JK Racing Asia Series, formerly known as both Formula BMW Asia and Formula BMW Pacific, was a single-seater racing series based in Asia. Formula BMW Asia was created in 2003 as a replacement for Asian Formula 2000 and was under the management of Motorsport Asia Limited. It was renamed Formula BMW Pacific for the 2008 season. In 2011 the series lost BMW support but received JK Tyre sponsorship and was rebranded as JK Racing Asia Series.

==Event schedule==
Each event in the championship was normally run to a three-day schedule. It comprises two races (in case of Formula One Grand Prix) or four races in standalone weekends, plus free practice and one 30-minute qualifying session.

==Circuits==
Events were held at Sepang in Malaysia; Bira in Thailand; Sentul in Indonesia; and Shanghai, Zhuhai, Beijing in China, Macau and Singapore.
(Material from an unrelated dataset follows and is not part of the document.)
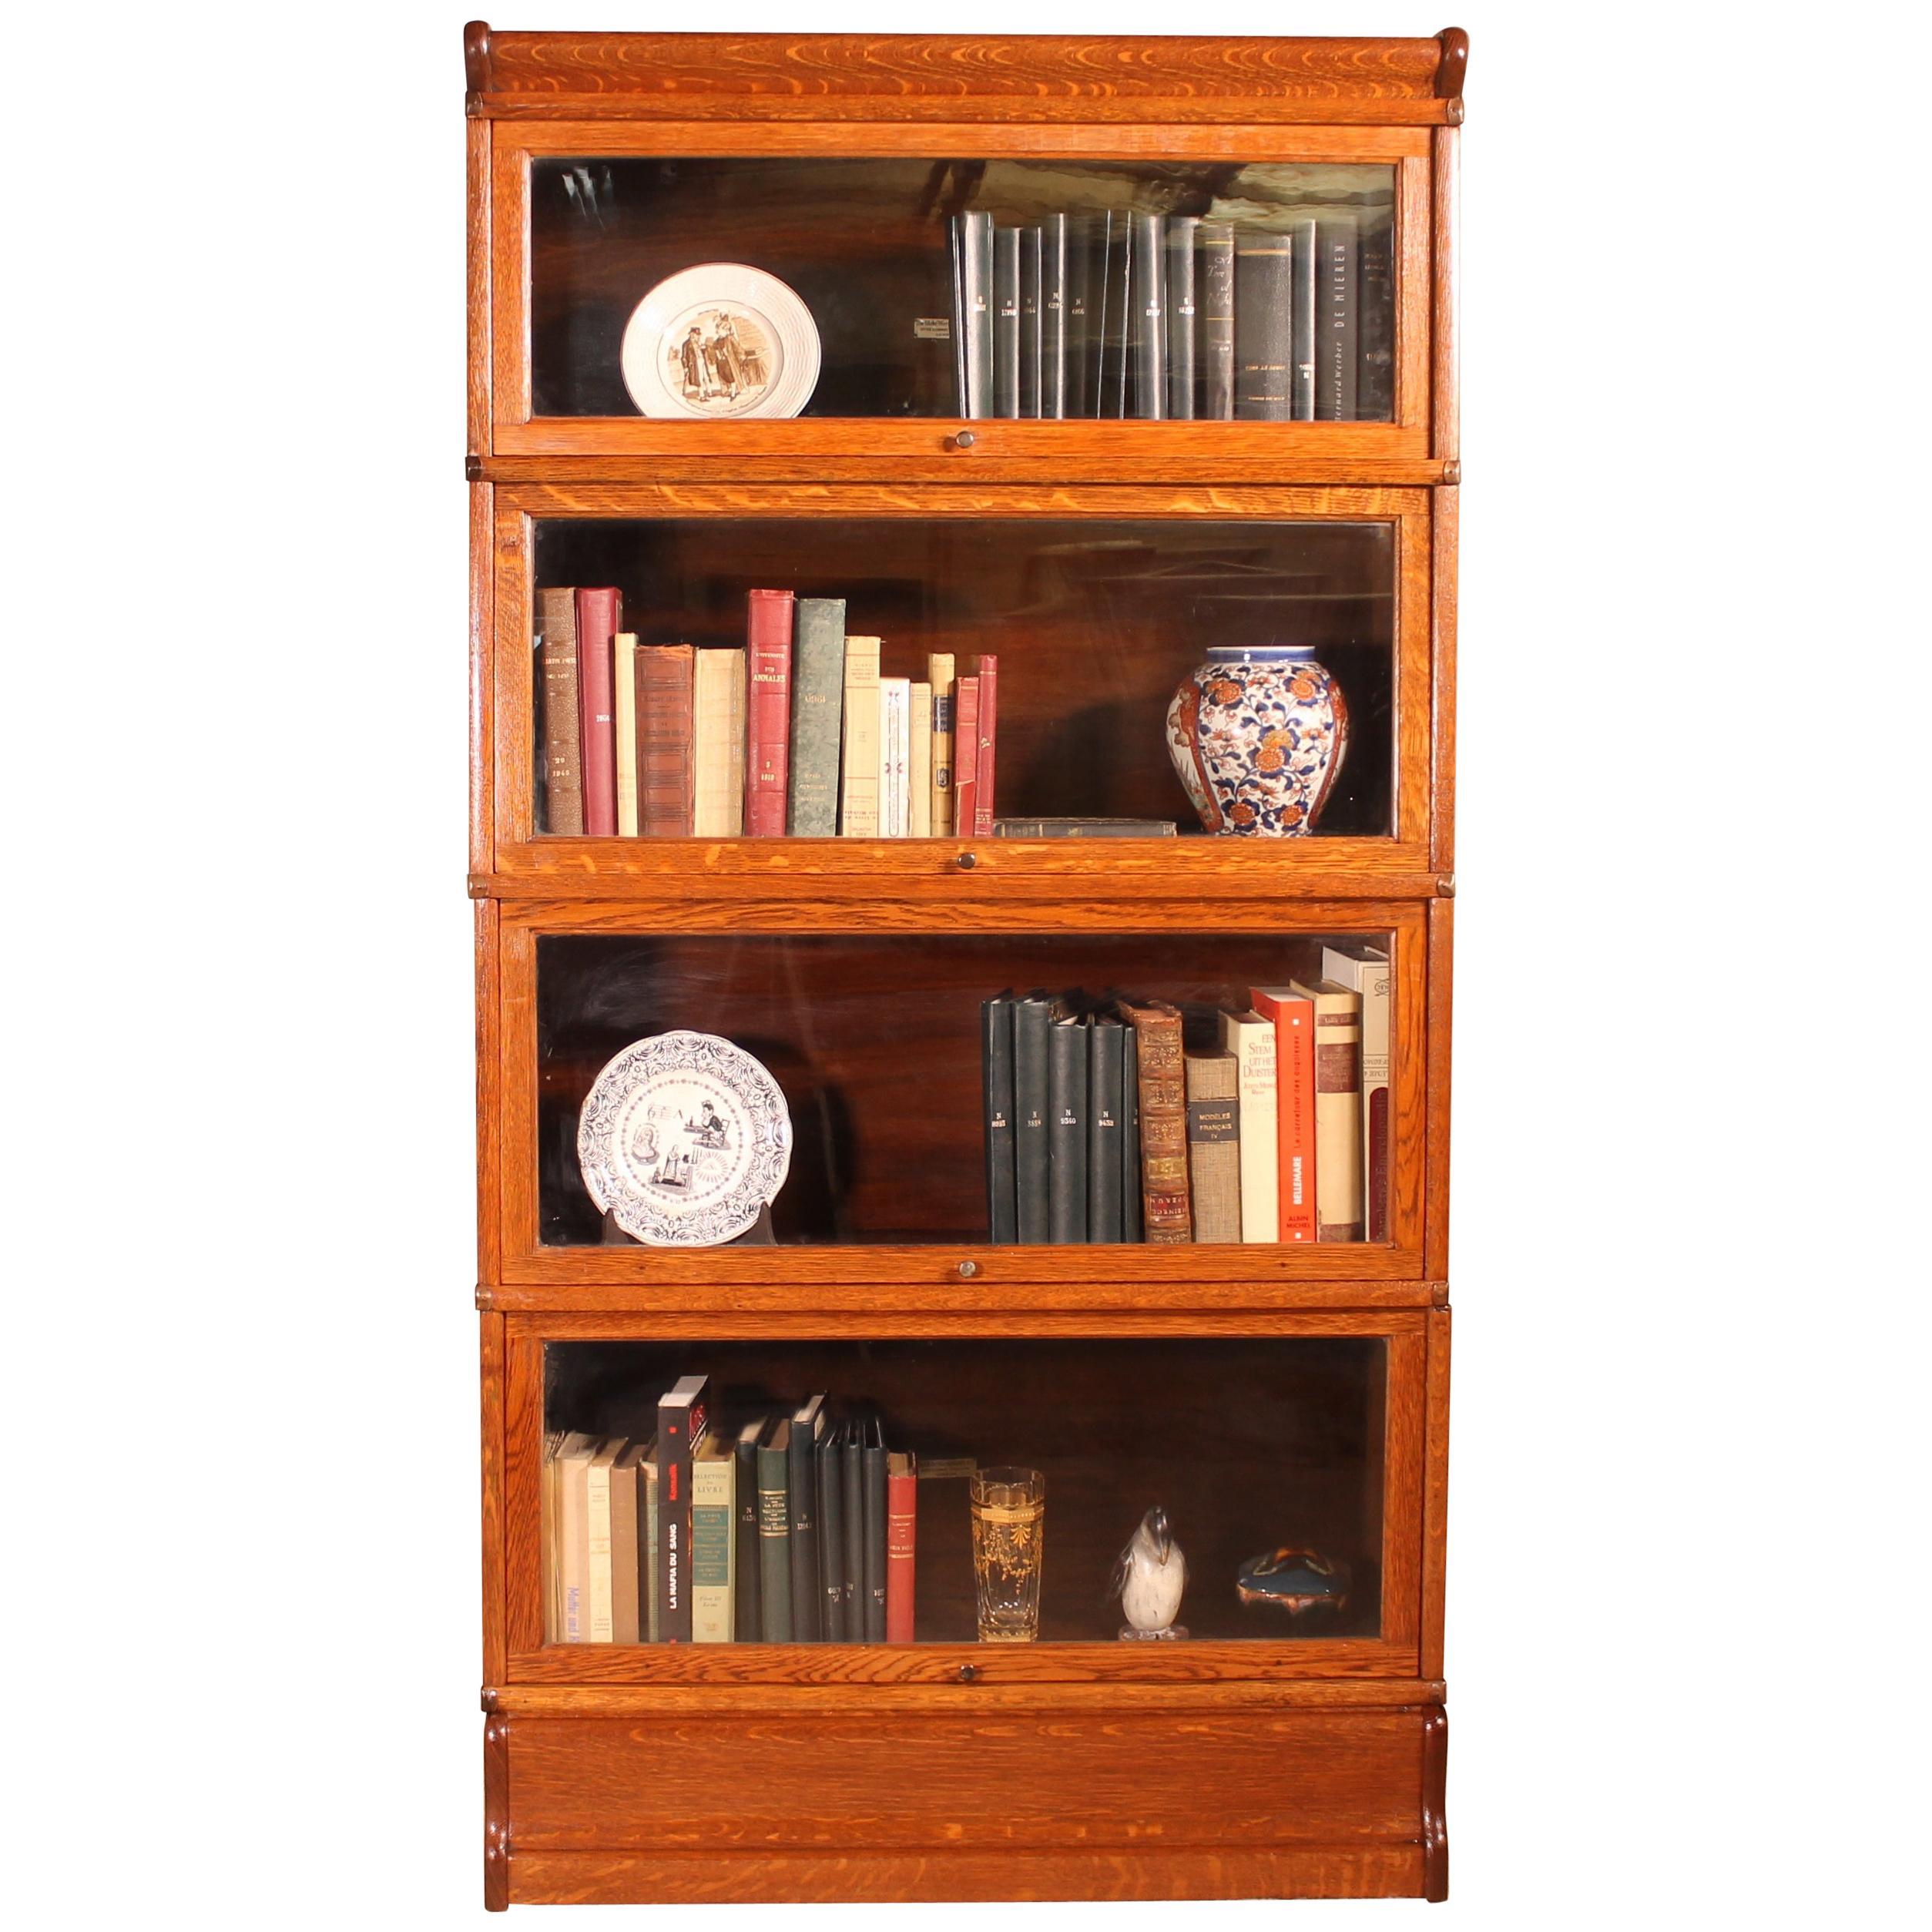 Globe Wernicke Furniture - 18 For Sale at 1stdibs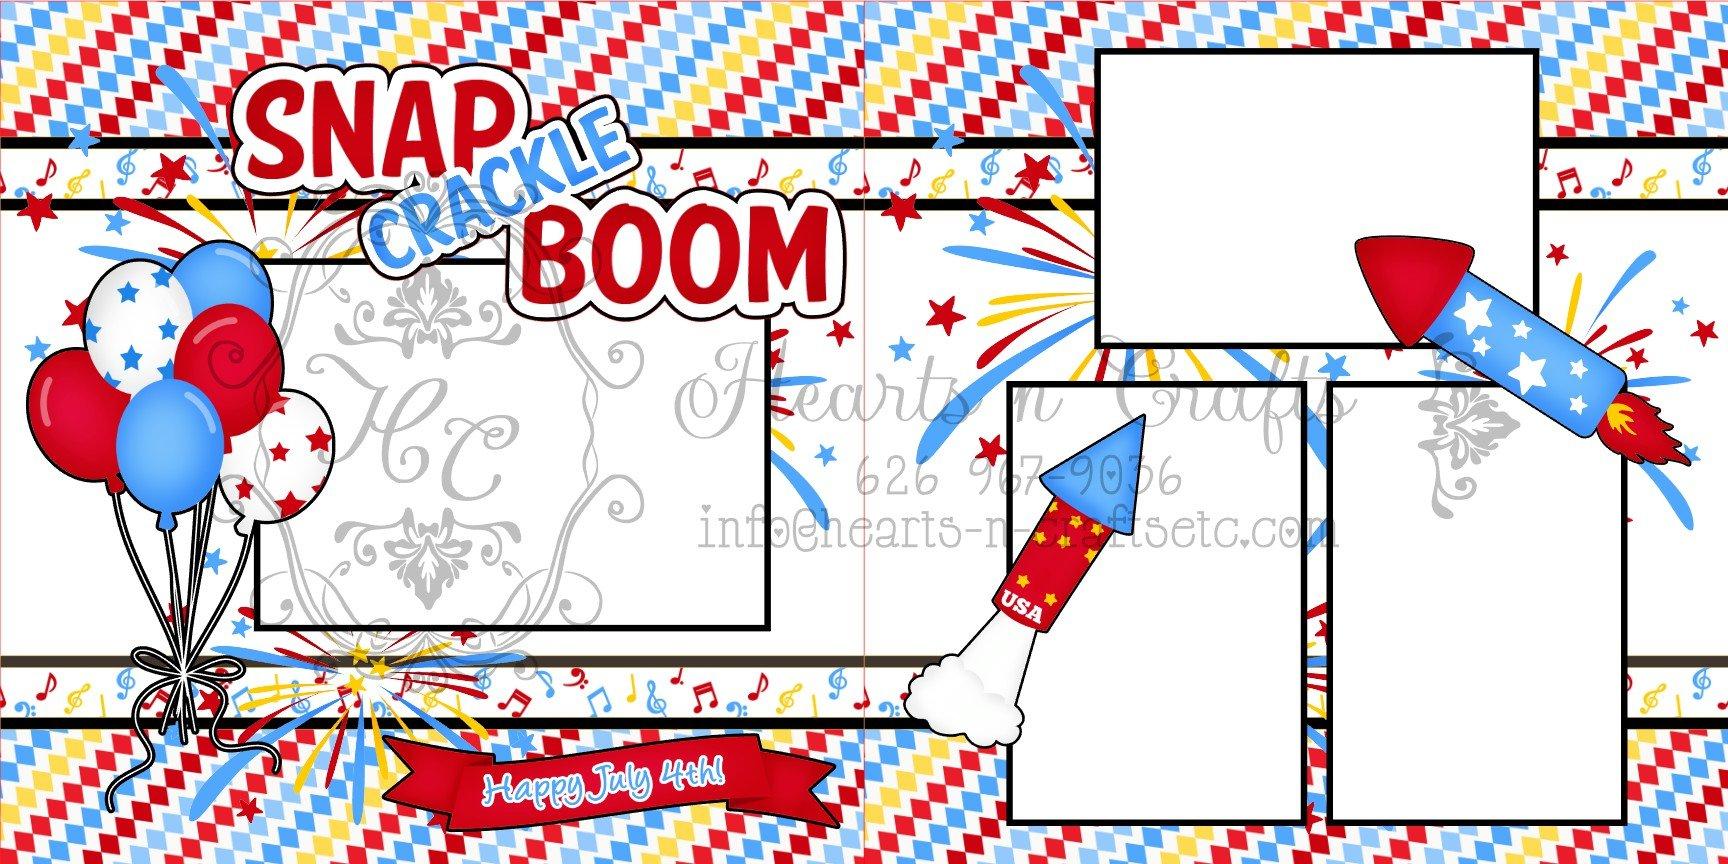 Snap Crackle Boom!

It appeared on the support bill at the Malaysian, Chinese, Bahrain, Macau and Singapore Grand Prix. In 2011 the series visited Guangdong in China and the Indian Grand Prix circuit.

==JK Racing Asia Series Cars==
All the teams in JK Racing Asia Series use the same FB02 cars manufactured by BMW AG that feature a Mygale chassis and a 1.2 litre BMW engine.

Specifications:

- Chassis: Mygale Carbon FIA F3 2002
- Dimension: 3975mm x 1740mm x 980mm
- Weight: 465 kg
- Engine:	 Naturally aspirated BMW K1200RS, 4 Cylinders 16 valves
- Displacement: 1171 cc
- Power output: 140 hp @ 9000rpm
- Fuel: Unleaded standard Super Plus petrol
- Gearbox: Hewland FTR 200, sequential, 6 forward speed, 1 reverse
- Front Suspension: Pushrod monodamper
- Rear Suspension: Pushrod twindamper
- Shock Absorbers: Sachs SP3
- Brake Disc: Solid disc
- Wheel Rims: OZ Racing 8 x 13 (front) 10x 13 (rear)
- Tyres: JK Tyre racing slicks and wet weather tyres
- Fuel Tank: 42 litres

==Race Weekend==

A typical event in the championship is run over a course of three days comprising two races (as a supporting race for a Formula 1 weekend) or four races.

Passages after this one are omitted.